University of Pennsylvania, CIS 565: GPU Programming and Architecture, Project 1 - Flocking
- Guanlin Huang
- Tested on: Windows 11, i9-10900K @ 4.9GHz 32GB, RTX3080 10GB; Compute Capability: 8.6
The average FPS of the first 10 second is measured; reasonable amount of waiting is performed to minimize thermal throttling.
The results show that the FPS drops significantly as boid number increases; the difference between scattered and coherent memory method is more noticable as the number of boids increases.
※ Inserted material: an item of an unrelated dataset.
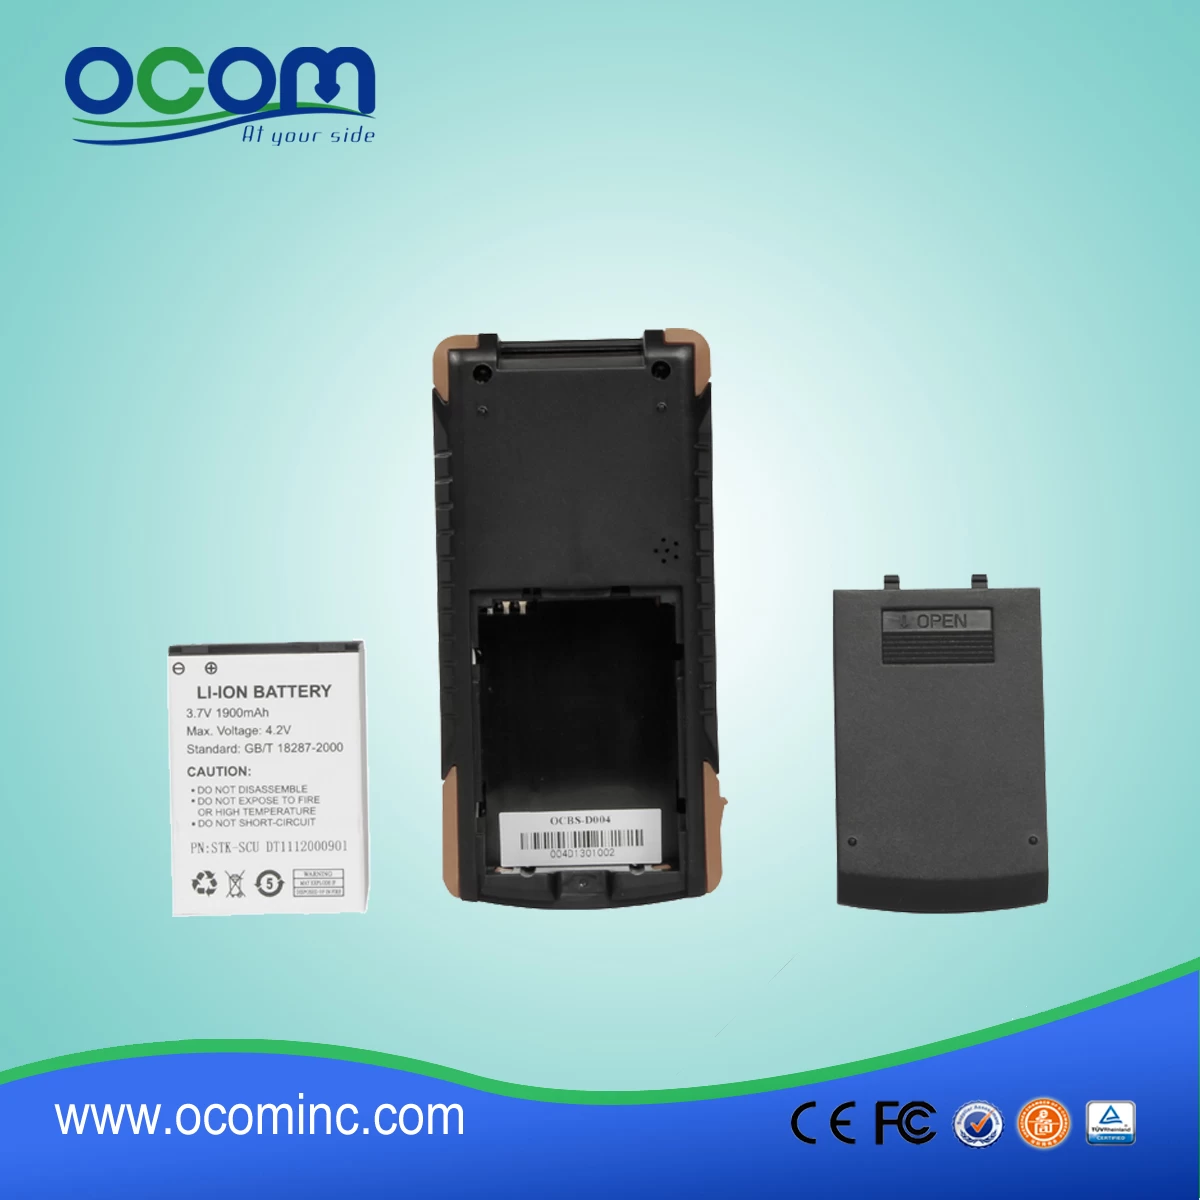 OCBS-D105 handheld barcode scanner bluetooth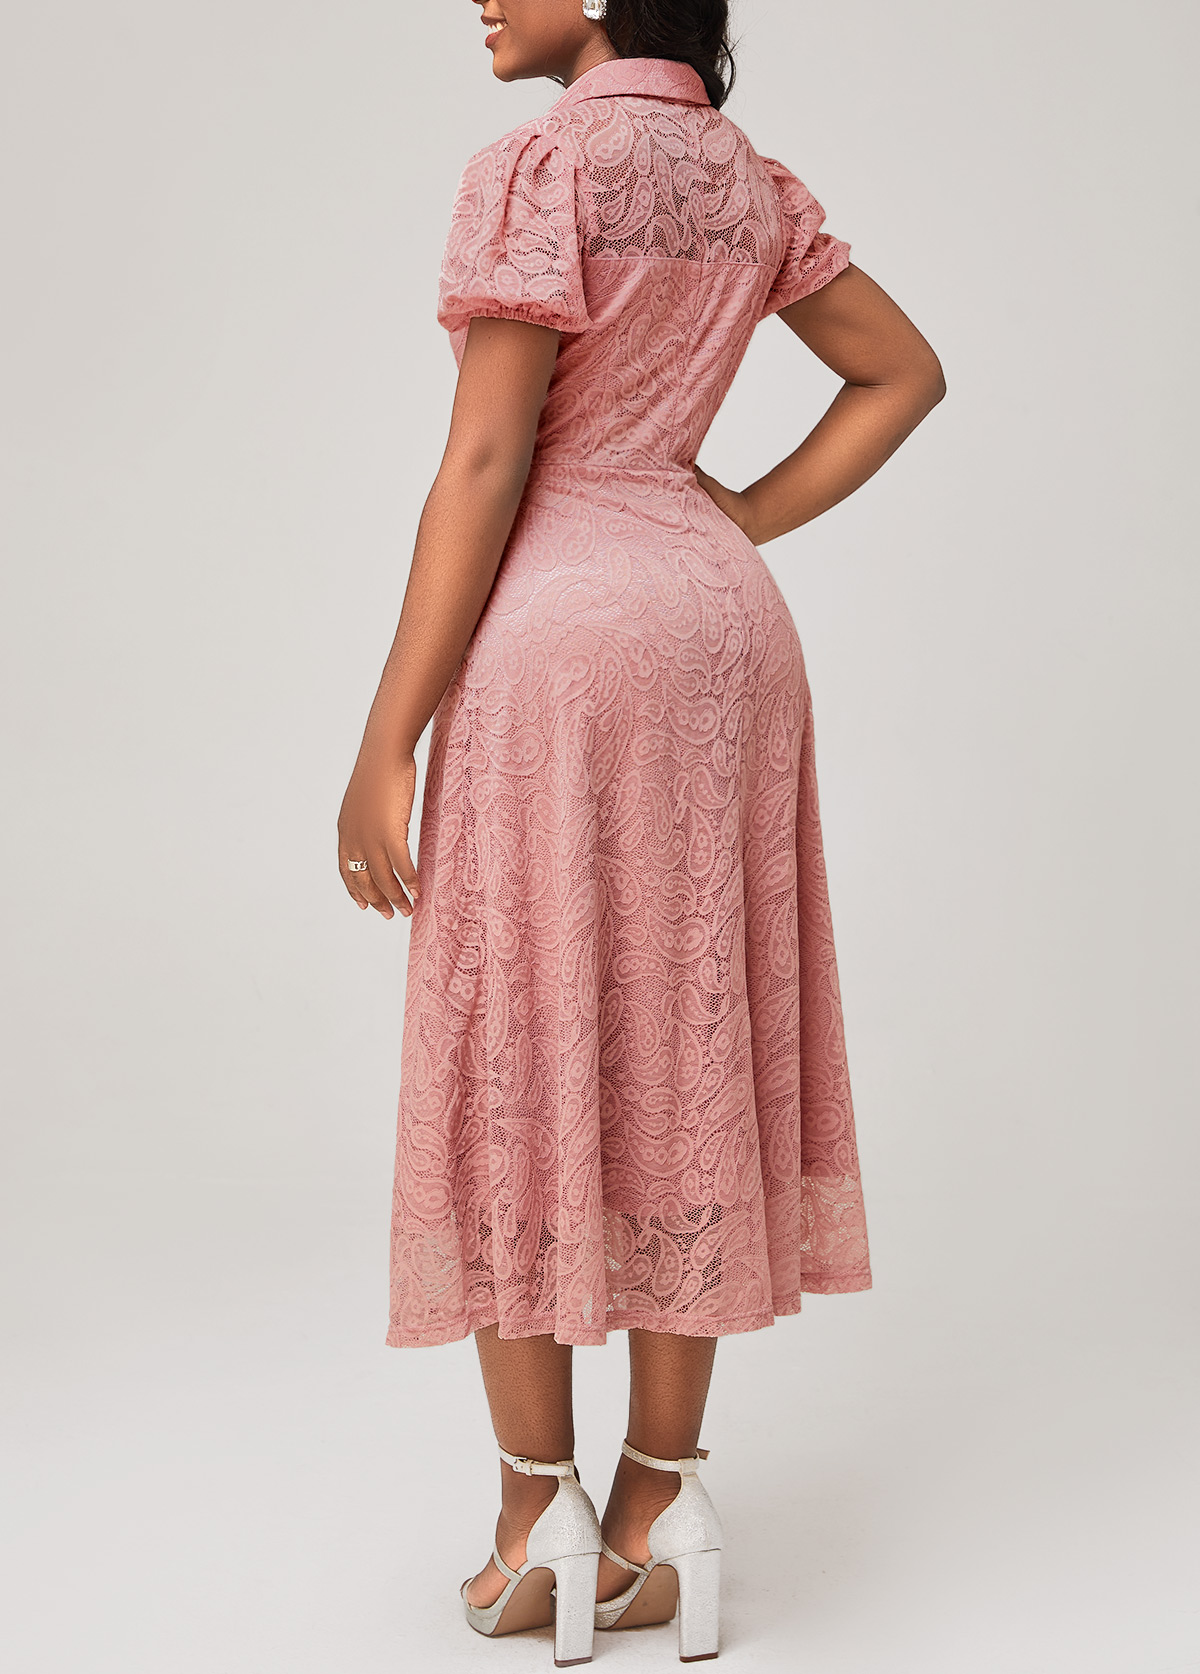 Dusty Pink Lace Short Sleeve Turndown Collar Dress

However, no significant differences among different block sizes at the same boid size.

-
For each implementation, how does changing the number of boids affect performance? Why do you think this is? The FPS drops significantly as boid number increases. It is because at each tick, the calculation needed to get the change in velocity increases as boid number increases.
-
For each implementation, how does changing the block count and block size affect performance? Why do you think this is? No significant differences among different block sizes at the same boid size. It could be that we haven't hit the throttling point, or the hardware-level of optimization is done at different block size.
-
For the coherent uniform grid: did you experience any performance improvements with the more coherent uniform grid? Was this the outcome you expected? Why or why not? Yes.the difference between scattered and coherent memory method is more noticable as the number of boids increases. As the number of boids increases, the time complexity for scattered method increases whereas the coherent method stays relatively constant.
-
Did changing cell width and checking 27 vs 8 neighboring cells affect performance? Why or why not? Be careful: it is insufficient (and possibly incorrect) to say that 27-cell is slower simply because there are more cells to check! I did the grid optimization to avoid hard coding. But if I were to guess, the 27-cell might be faster in cases where the number of boids are high enough that checking only 8 cells would result more complicated calculation overall.